# Oil change on Grizzly G9249



## rock_breaker (Jan 10, 2011)

Finally got the oil in the spindle bearings changed today since it was warmer than the past week or so, up to 30 degrees F. 

There was a comment in a post I read somewhere advising people to change oil in the gear boxes on Asian imports that I strongly support after today. 

 Even though I am the second owner of my Grizzly G9249 lathe I found black material in each bearing reservoir. The reservoirs are not very big and the "fill" tube discharges in the rear f the sight glass chamber ( which is also the drain port) so flushing by adding oil doesn't flush the bearing area. I used a long spout oil can to get flushing oil into the bearing chamber. Then I used a long 1/4" drill bit rotating it by hand in the drain channel to "pump" the flushing oil out and also drag out some particles of sand etc.

I also found sand particles in the rear of the quick change gear box. No doubt the previous owner/s did not do a thorough inspection and clean-up, and as stated in the blog I read the manufactures didn't do a good job of cleaning the casting sand.

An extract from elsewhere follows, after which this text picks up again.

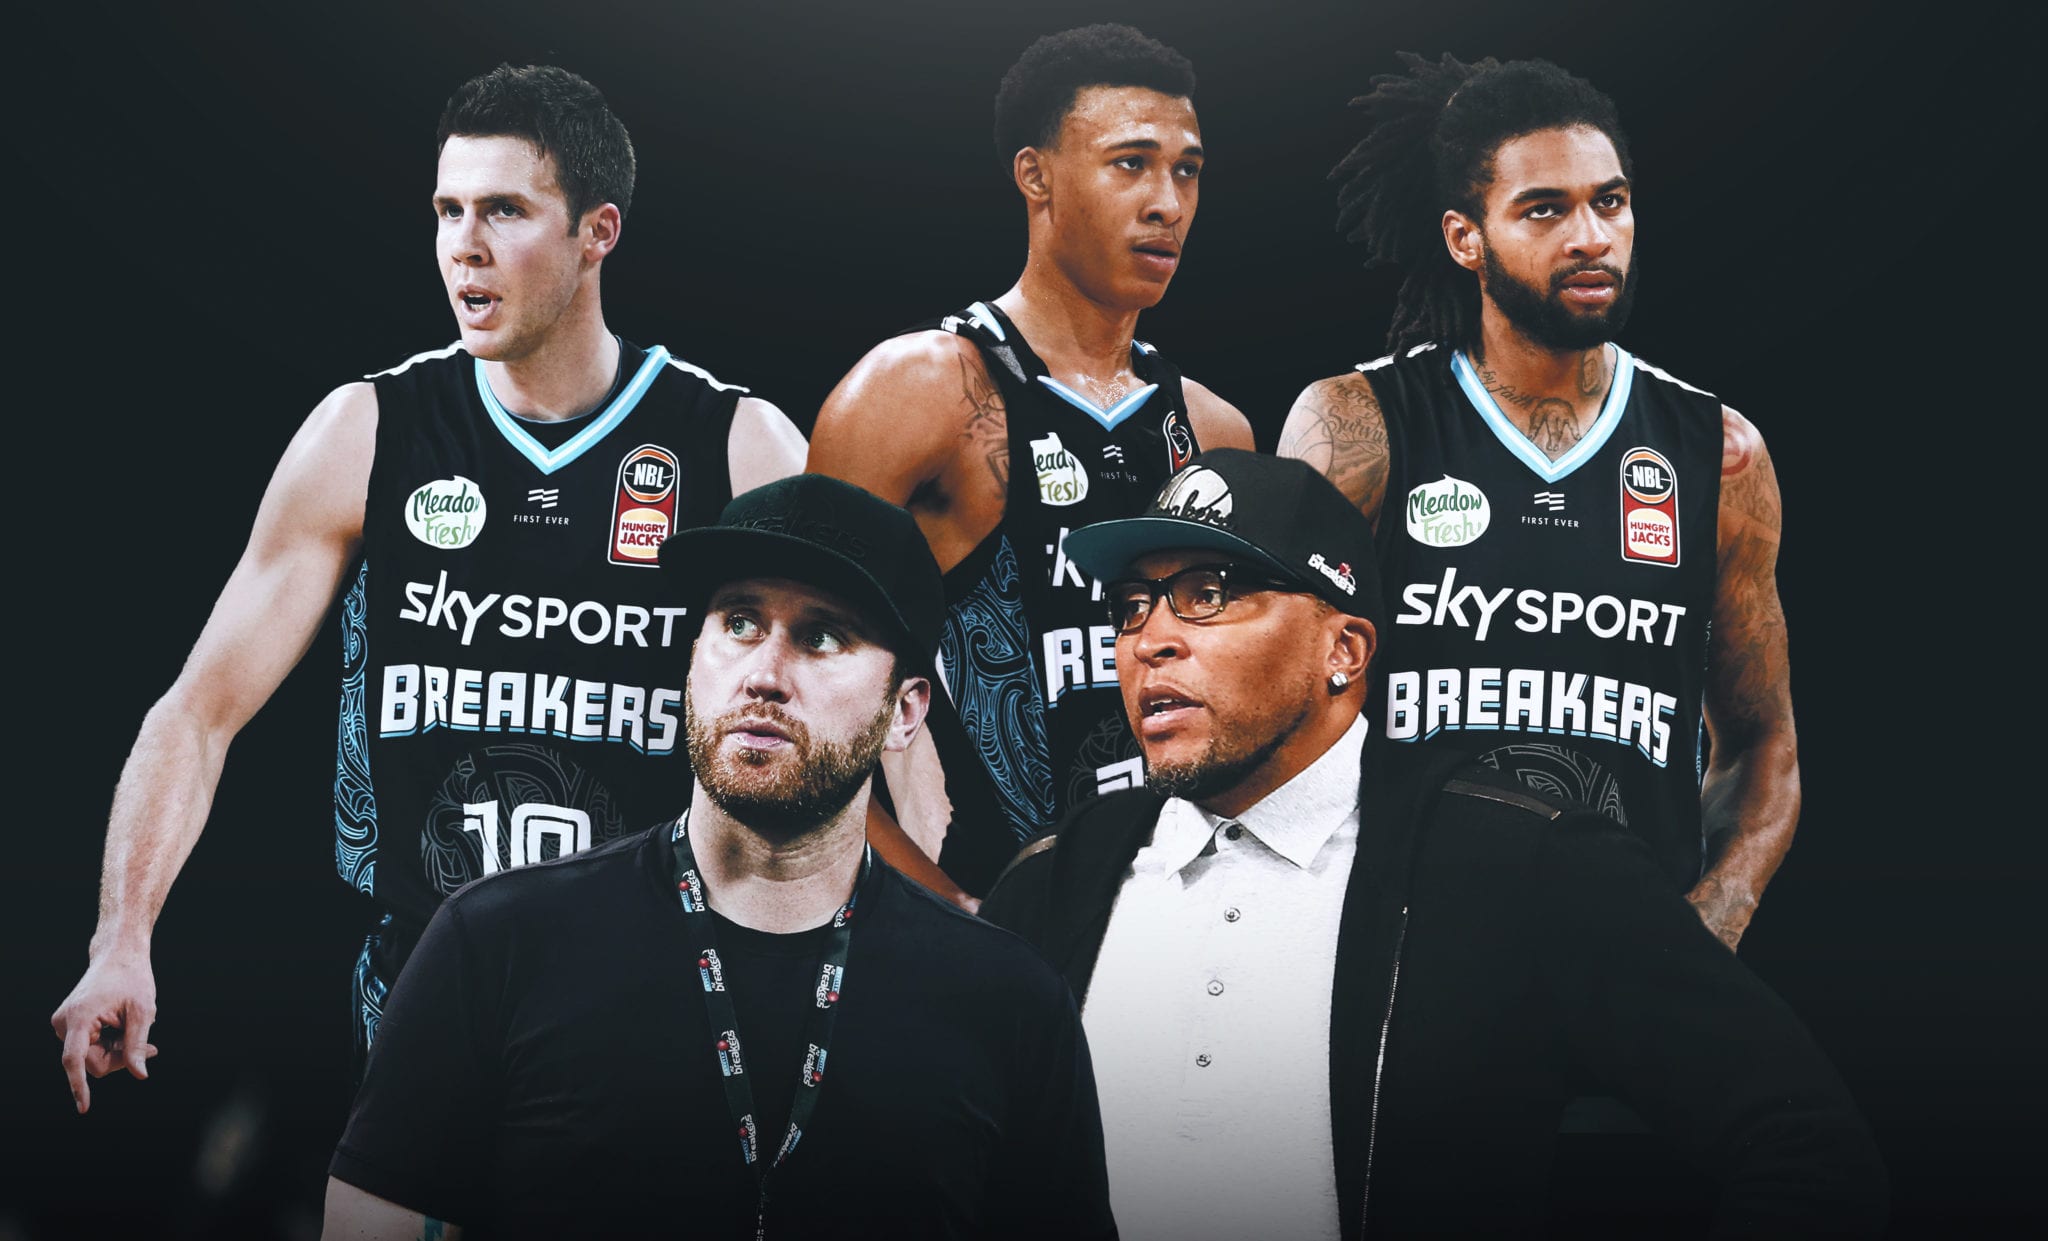 The New Zealand Breakers Have Descended

I have turned 2 simple pins for an egine hoist and like the machine, with different types of controls it is taking some time to get used to.


----------



## rock_breaker (Jan 10, 2011)

Thanks for the response and I will probably redo the gears when warmer weather arrives. I put some "moly" grease on what I could see or fiind.

I notice on your website that you are retired Coast Guard. Thanks for your service. Over a half a century ago I was stationed at Adak, Alaska, (U. S. Navy, Seabees) and part of my duties was hauling diesel fuel to the Loran Station on the Berring Sea side. Best chow on the island. 

Have a good year!

Ray


----------